*** RECORD EXCERPTS ***
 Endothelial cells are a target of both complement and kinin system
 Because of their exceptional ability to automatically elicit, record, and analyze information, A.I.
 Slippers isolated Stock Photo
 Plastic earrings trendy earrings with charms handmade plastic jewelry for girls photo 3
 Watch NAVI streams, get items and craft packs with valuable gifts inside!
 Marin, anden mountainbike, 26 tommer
*** End of RECORD EXCERPTS ***
Retype the records above in full, with no differences.

### SOLUTION FOR THIS PROBLEM
 Endothelial cells are a target of both complement and kinin system
 Because of their exceptional ability to automatically elicit, record, and analyze information, A.I.
 Slippers isolated Stock Photo
 Plastic earrings trendy earrings with charms handmade plastic jewelry for girls photo 3
 Watch NAVI streams, get items and craft packs with valuable gifts inside!
 Marin, anden mountainbike, 26 tommer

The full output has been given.